# THE PROBLEM
Every line of the listing below from the one with "ny-arcade-railway" up to and including the one with "El nombre de" should be retyped exactly, and nothing else; pictures are not part of the copy.

# DATASET EXTRACT
======
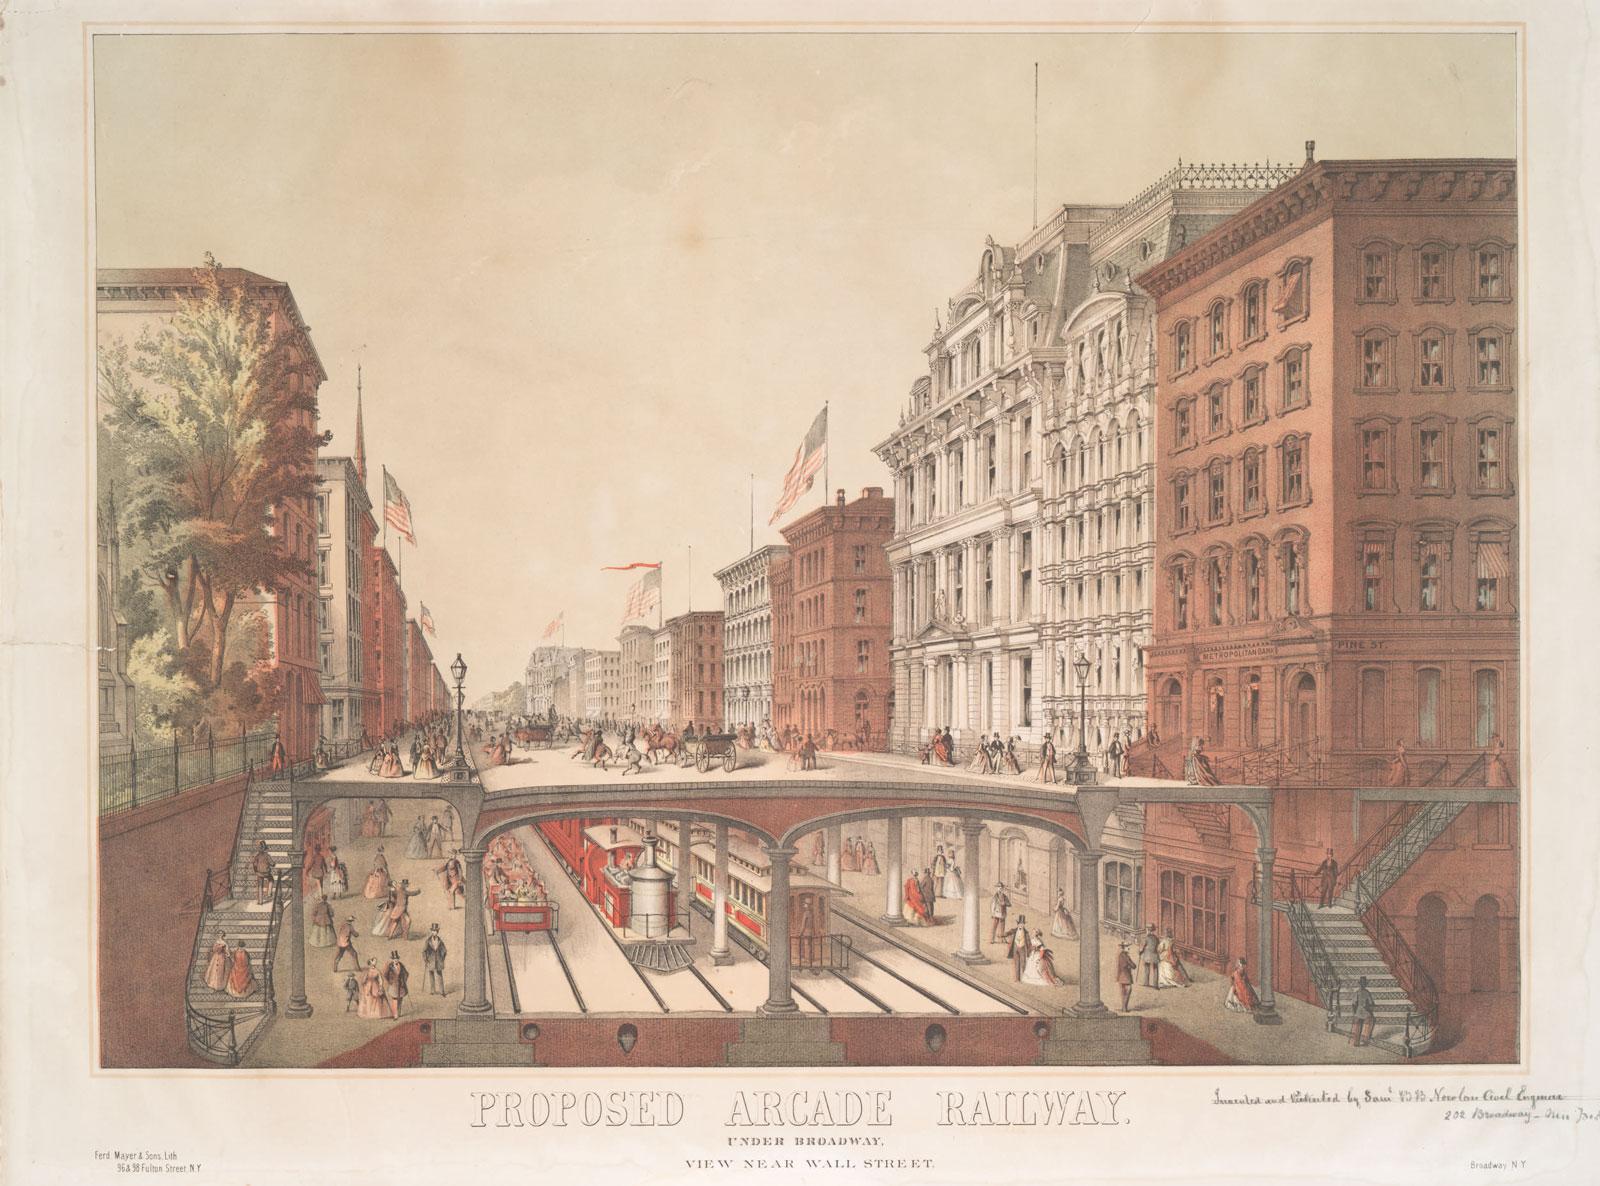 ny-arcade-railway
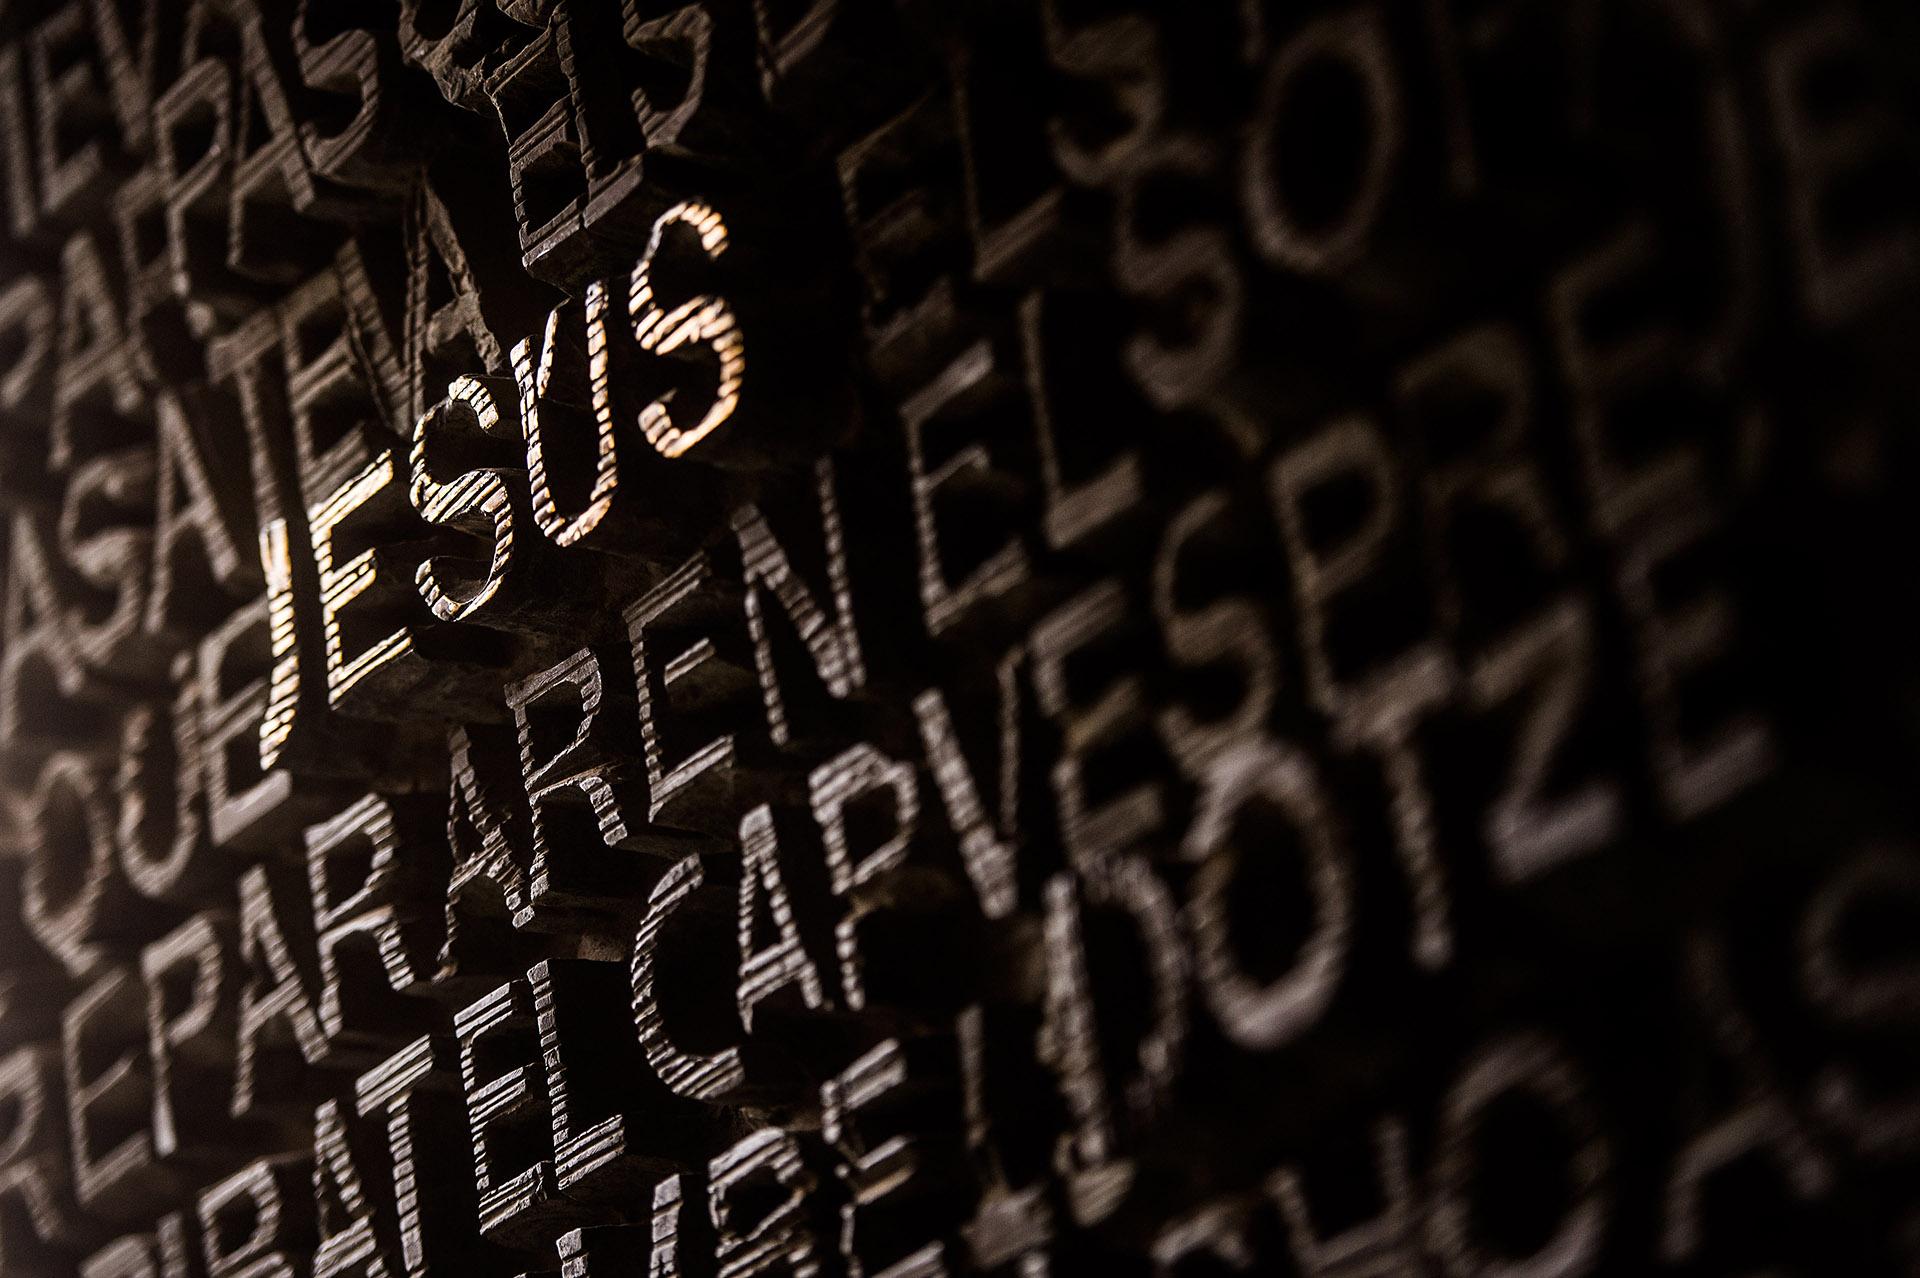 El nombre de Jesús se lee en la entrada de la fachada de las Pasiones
======
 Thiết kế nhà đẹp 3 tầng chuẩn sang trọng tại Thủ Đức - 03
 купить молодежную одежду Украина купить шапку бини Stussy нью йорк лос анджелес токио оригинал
======
# RESPONSE FOR THIS EXERCISE
 ny-arcade-railway
 El nombre de Jesús se lee en la entrada de la fachada de las Pasiones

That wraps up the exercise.